Весна незнаемая. Книга 2: Перекресток зимы и лета - Елизавета Дворецкая 7 стр.


– Почему? – тревожно воскликнула она, и видно было, что и ей самой Чуробор внушал большие опасения. – Почему ты так сказал? Что ты про него знаешь?

– А ты сама-то хоть знаешь, зачем тебе к нему ехать? – продолжал Громобой, уверенный, что она не знает этого.

– Я… – Дарована не нашлась с ответом. Сказать правду она не могла, а лгать ей было противно. – Мне нужно… У меня там родня, а дома…

– Это чуроборский-то оборотень тебе родня? – прямо спросил Громобой.

– Я… – Дарована запнулась, совсем подавленная его напором.

Цель ее пути держалась в тайне: они с княгиней Добровзорой не называли своих имен, и кто они, знал по-настоящему только воевода Берислав, видевший их обеих еще в Глиногоре. Скрывался и их отъезд из Глиногора, и их намерение ехать к Огнеяру Чуроборскому – и на это были причины. И вдруг он, случайно встреченный, чужой, незнакомый человек, откуда-то знает самое главное!

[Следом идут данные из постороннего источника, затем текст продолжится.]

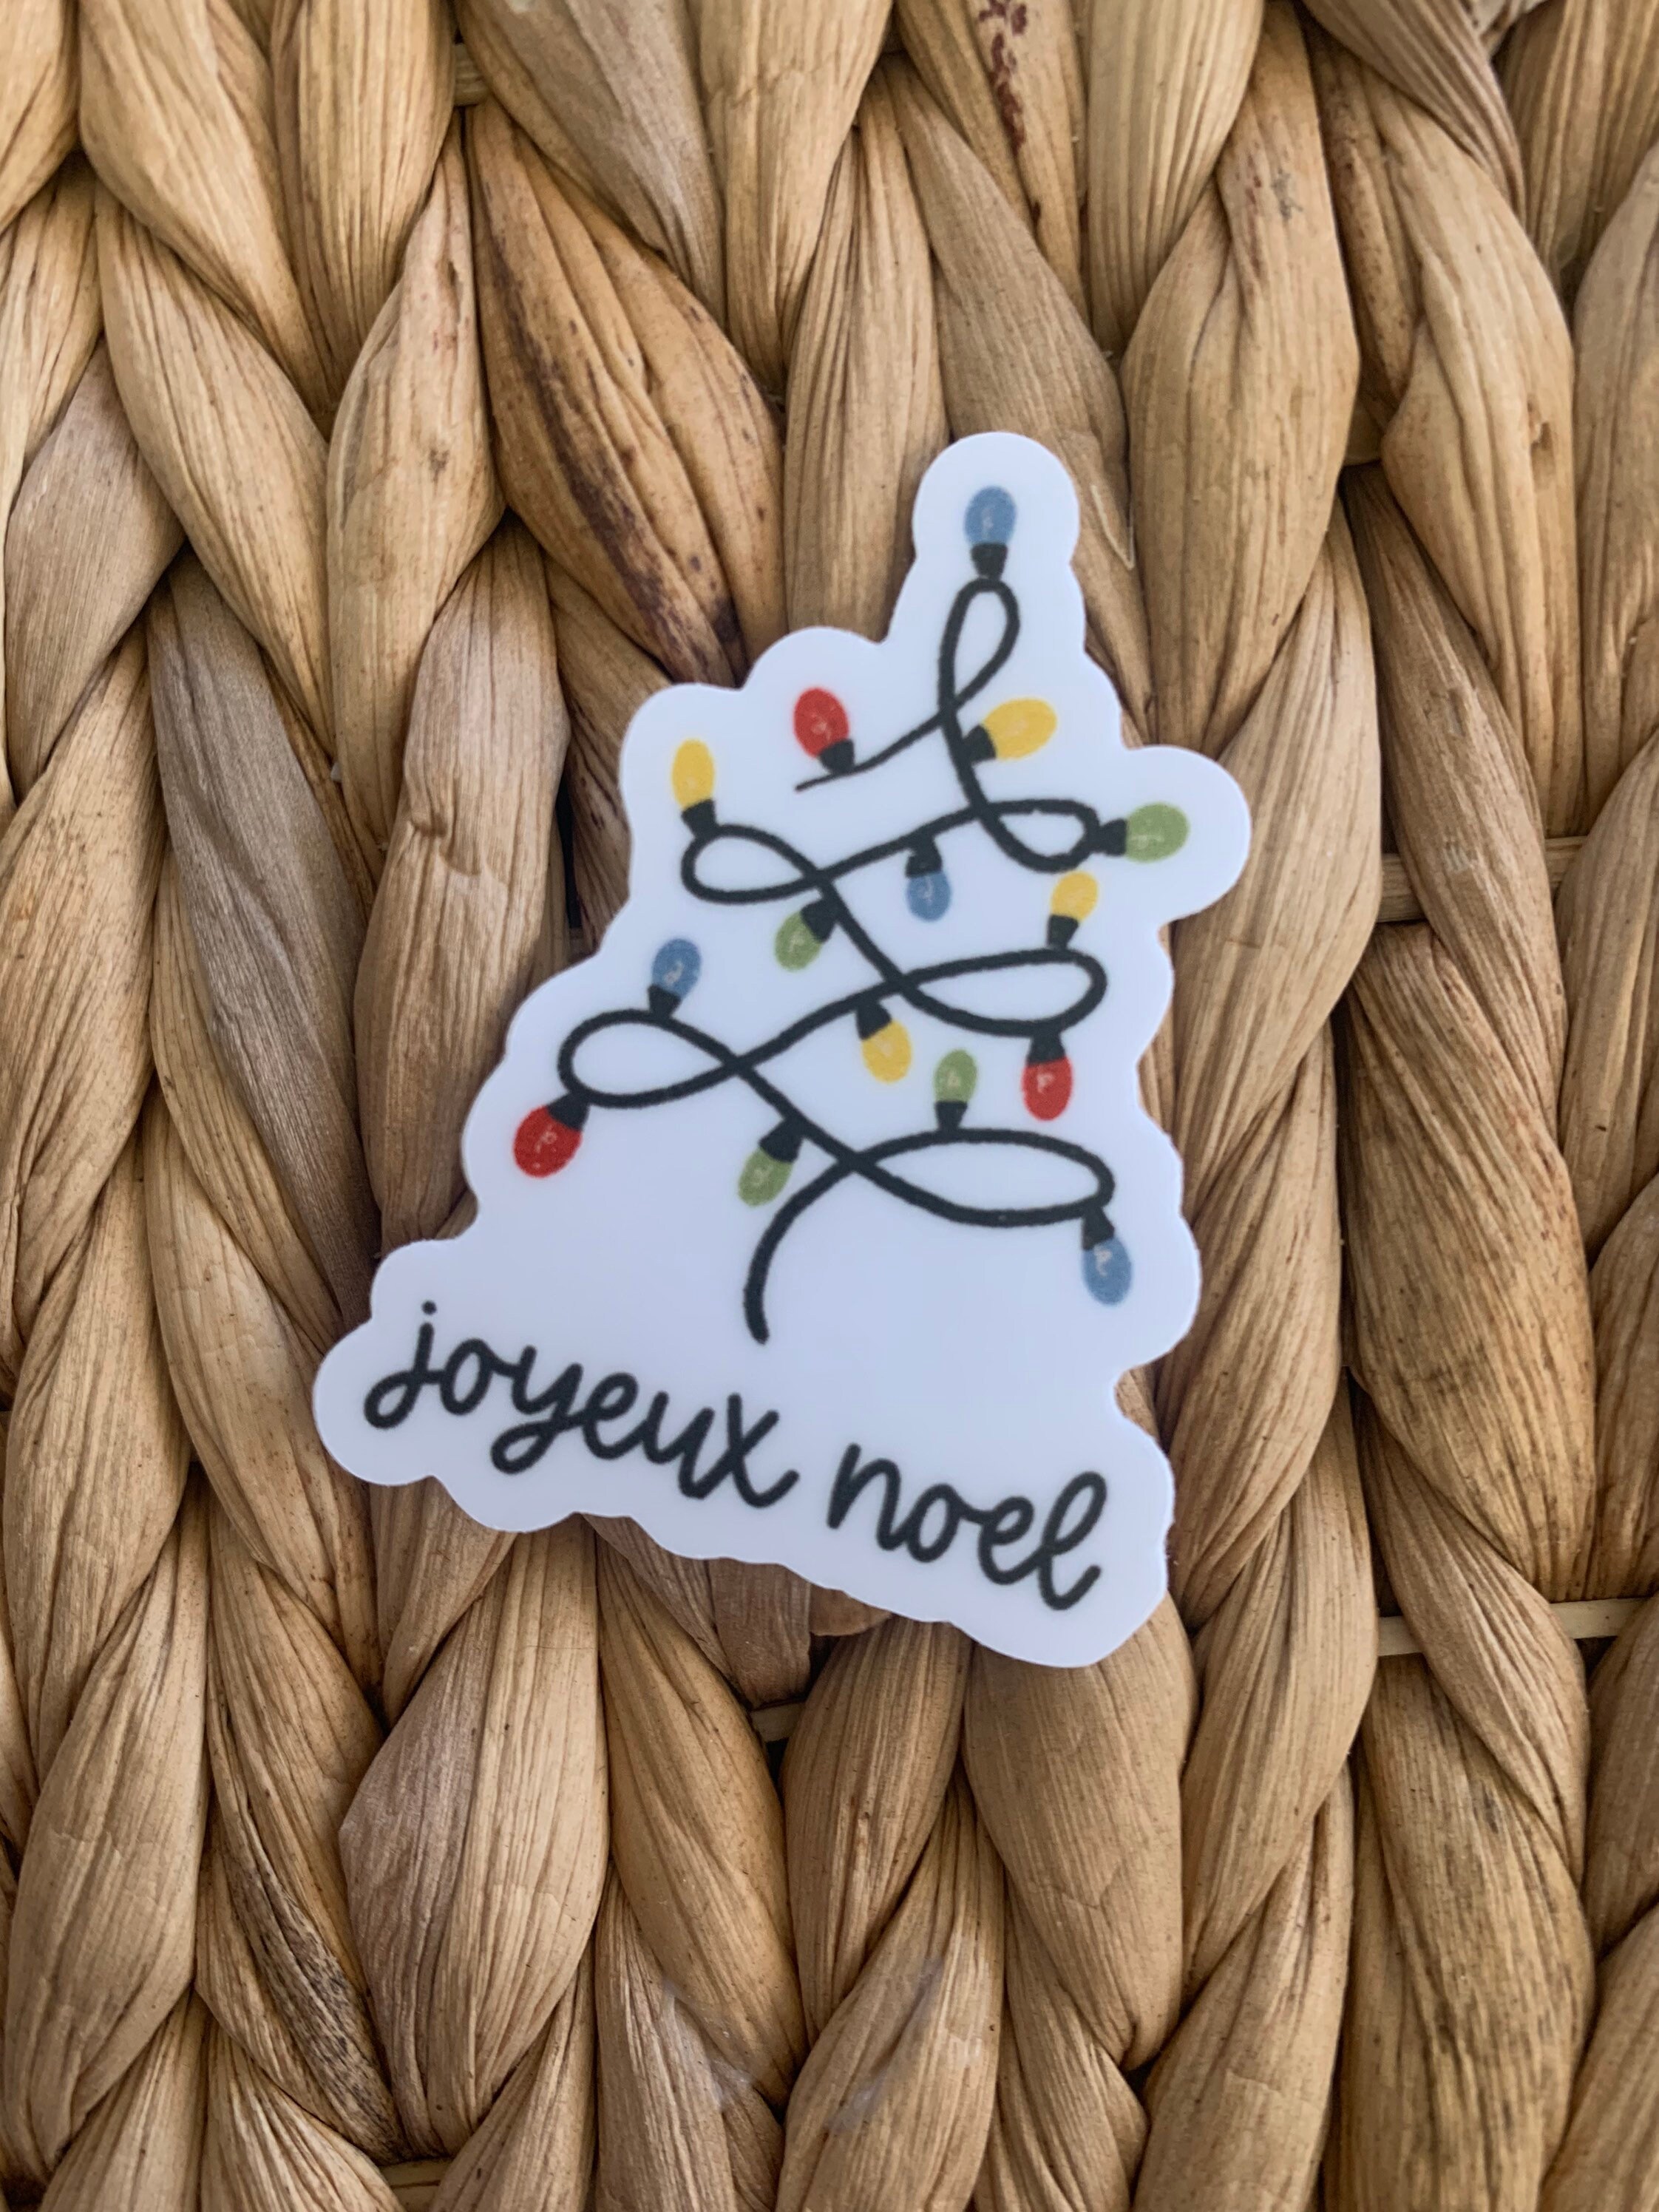 Sticker Noël décoration joyeux noël - Autocollants stickers adhésifs noël -  décoration fêtes - 120x130cm

Может быть, даже знает, кто она? Но ведь это не простой человек: на его челе знак Перуна! Дарована с изумлением и даже испугом смотрела на Громобоя: его внезапная проницательность подкрепила ее самые горячие надежды, но это же испугало ее.

– Не езди ты к нему! – убеждающе произнес Громобой. – Он тебя погубит. Как его отец Лелю взаперти держит, так он тебя в Ледяные Горы запрет, и тогда никакой весны нам вовек не видеть.

– Нет! – поспешно воскликнула Дарована. – Он не виноват! Это не он! Это другой! Княжич Светловой, сын Велемога Славенского! Я все своими глазами видела, все как было! Он…

– Да это я знаю! – Громобой отмахнулся, помня, что рассказала ему Мудрава возле того дуба. – Да не бывает мира без весны! Княжич ваш Лелю у себя в роще держит, а весна новая, никому не ведомая, по белу свету ходит и сама себя ищет. Макошина дочь сказала, Мудрава, а уж она знает! Это – ты! И тебе у того оборотня делать нечего!

– Новая… Новая весна…

Дарована смотрела прямо ему в лицо, и в глазах у нее блестели слезы. Она узнала то, чего не знала раньше, и Громобой теперь казался ей настоящим богом, Перуном, появление которого разбило и развеяло все их беды. Ликование залило ее душу, и поначалу она не обратила внимания на то, что ей самой безосновательно приписана честь воплотить эту новую весну. Весть о новой весне так захватила ее, что прогнала даже страх за себя, с которым она так сжилась, что он стал как будто кожей ее души.

– Весна! Новая весна! – шептала она, и слезы текли из ее сияющих золотых глаз. – Она ходит… ходит по свету… Я знала… Знала, что так будет… Не может не быть! Как хорошо! – воодушевленно воскликнула она. – Матушка Макошь! Только это не я! – Дарована отерла слезы и помотала головой. – Нет, я… Это не я, а мне все равно нужно из Глиногора уехать… И из смолятических земель, а не то… У нас там…

Она боролась с собой, твердо зная, что должна хранить тайну, но ей нестерпимо хотелось рассказать обо всем Громобою. В первый раз она встретила настолько сильного человека, что он мог взять на себя бремя ее горестей. И разве от него, от посланца богов, она должна таиться?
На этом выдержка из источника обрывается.